But what's the use of hacking the website? To spread out this stop Israel message? They should've atleast put their text in english.


----------



## 2cb2ct7 (Mar 15, 2008)

Fucking lamer-core...

"I like p0rn sites"

but you don't see me forcing my opinions on other people ;P


----------



## eternity575 (Mar 15, 2008)

sorry to say.. 
but defacing is an insult to hackers everywhere.
It's the worst "hacking" around. got no meaning, especially with those lame sentences.
Hacking.. the cowards way..
Like someone said... Its like breaking into someones house, spraying graffiti, knocking down a vase, the tv and a sofa, and leave.
Oh, by the way.. "the Israel" doesn't understand "stupidish" please be more clear next time.


----------



## Rykin (Mar 15, 2008)

Yes, I came home late last night to realize that GBAtemp had been taken over by superior hacker overlords..  Only to wake up and realize it hadn't quite been taken over- they just planted their flag and walked away- then one of our admins went all "WTF is this?" pushed it over, and now we're back.


----------



## GH0ST (Mar 15, 2008)

It is just dangerous for them  ... real wizards don't mess  ... Internet is a serious thing ...


----------



## Extreme Coder (Mar 15, 2008)

GH0ST said:
			
		

> It is just dangerous for them  ... real wizards don't mess  ... Internet is a serious thing ...

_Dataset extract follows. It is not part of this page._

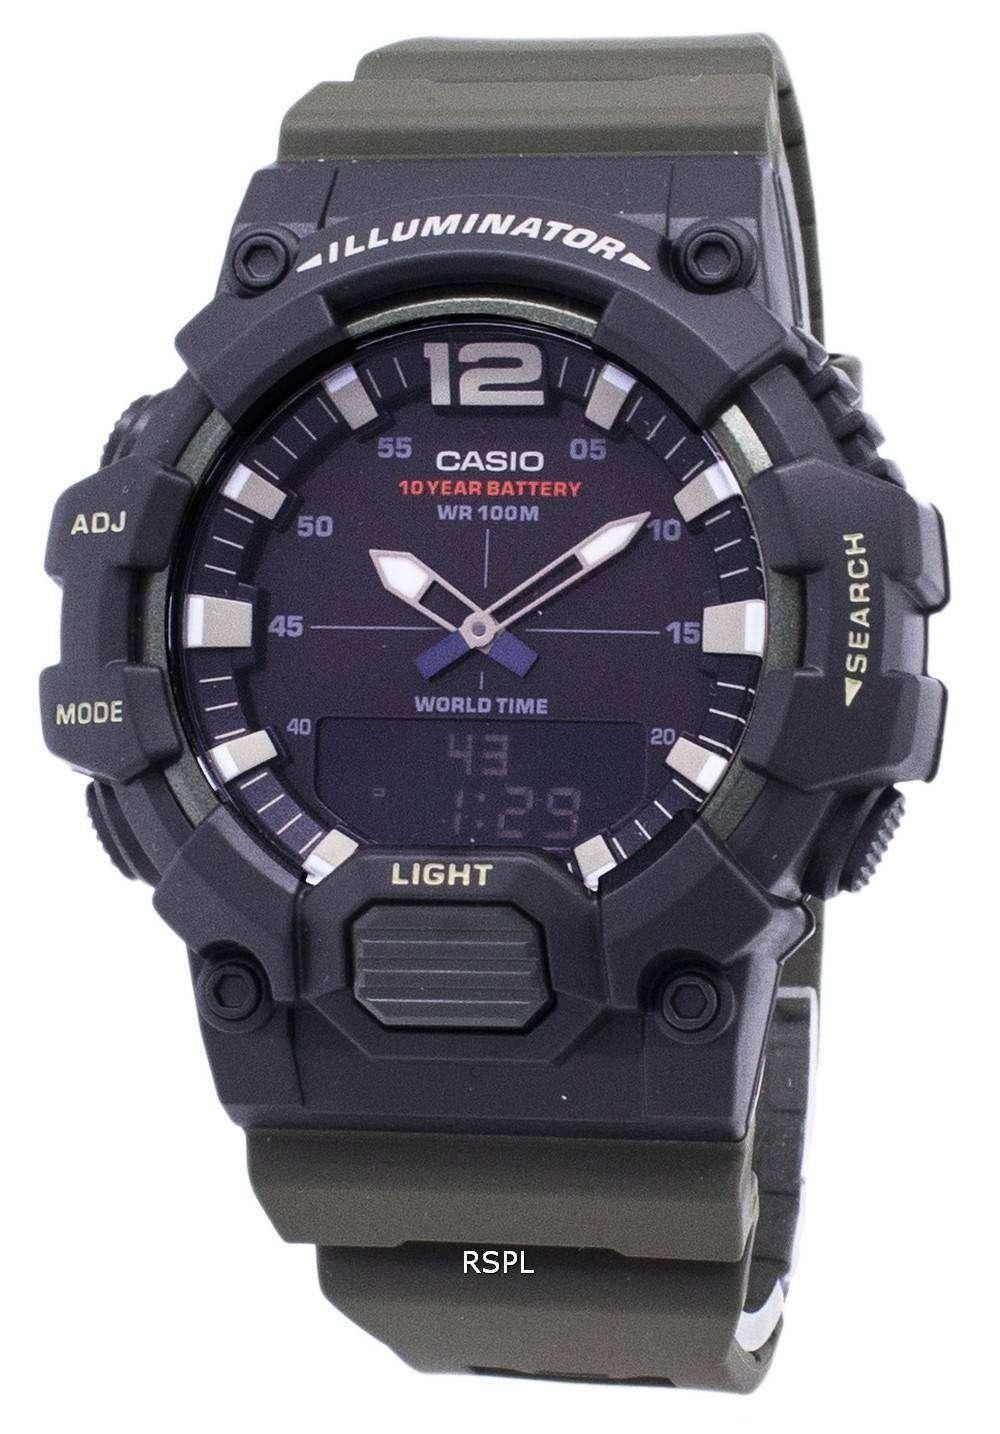 zapatos deportivos fa375 a4bee Reloj juvenil Casio HDC-700-3AV iluminador cuarzo analógico Digital de los  hombres

http://www.internetisseriousbusiness.com/


----------



## DS64 (Mar 15, 2008)

yep, was online when it happened.


----------



## Hyperlisk_ (Mar 15, 2008)

He's obviously just a script kiddie... Or else he would have control of the server... He probably just used some exploit script on the wiki.


----------



## eternity575 (Mar 15, 2008)

from his very lame blog, (hes such a brave kid giving out all his info)...
I can understand he is calling himself a "white defacer" (ROFL)... hes saying he just changes the index file on the server, and makes no other harm.
I do not know if its true.. but once again.. defacing is the lowest of the lowest.. thats my opinion


----------



## Hyperlisk_ (Mar 15, 2008)

This is why I never use other people's code. I just code everything myself... Then I know if I get hacked, then it was my fault. But I don't get hacked


----------



## Deleted member 110780 (Mar 15, 2008)

What a faggot. What the fuck.

When I took a screencap, the embedded flash said 31.109. I'm guessing that means either I was visitor #31,109 to the hacked index, or that's the number of sites they've defaced.


----------



## Hyperlisk_ (Mar 15, 2008)

Meh, when I saw the defacing on the index last night, I sent them 10,000 spoofed referring addresses to their script(They had a JavaScript on that page that would collect referring addresses), so now they have Your_Mom_0 up to Your_Mom_10000 as referrers.


----------



## Dylan (Mar 15, 2008)

made my night even more boring trying to read turkish


----------



## Shuny (Mar 15, 2008)

Costello, you should delete the exploit page, it collects cookie data :/


----------



## maddoglewis (Mar 16, 2008)

Does anyone know when the wiki section will be back online?


----------



## Costello (Mar 19, 2008)

The wiki section is being worked on now. Samutz will perform the upgrade shortly, we're hoping to get it back online soon.


----------



## Salamantis (Mar 19, 2008)

Shuny said:
			
		

> Costello, you should delete the exploit page, it collects cookie data :/



Does it really? ofuckofuckofuck


----------



## Mewgia (Mar 19, 2008)

Salamantis said:
			
		

> Shuny said:
> 
> 
> 
> ...


that was costello's plan all along!


----------



## jalaneme (Mar 15, 2008)

the hackers seriously fail lol i knew you would have a backup


----------



## scubersteve (Mar 19, 2008)

Mewgia said:
			
		

> Salamantis said:
> 
> 
> 
> ...


Does he really need an exploit page to see our passwords? >.>


----------



## Costello (Mar 19, 2008)

enough with all the BS now.

The wiki is back online!


----------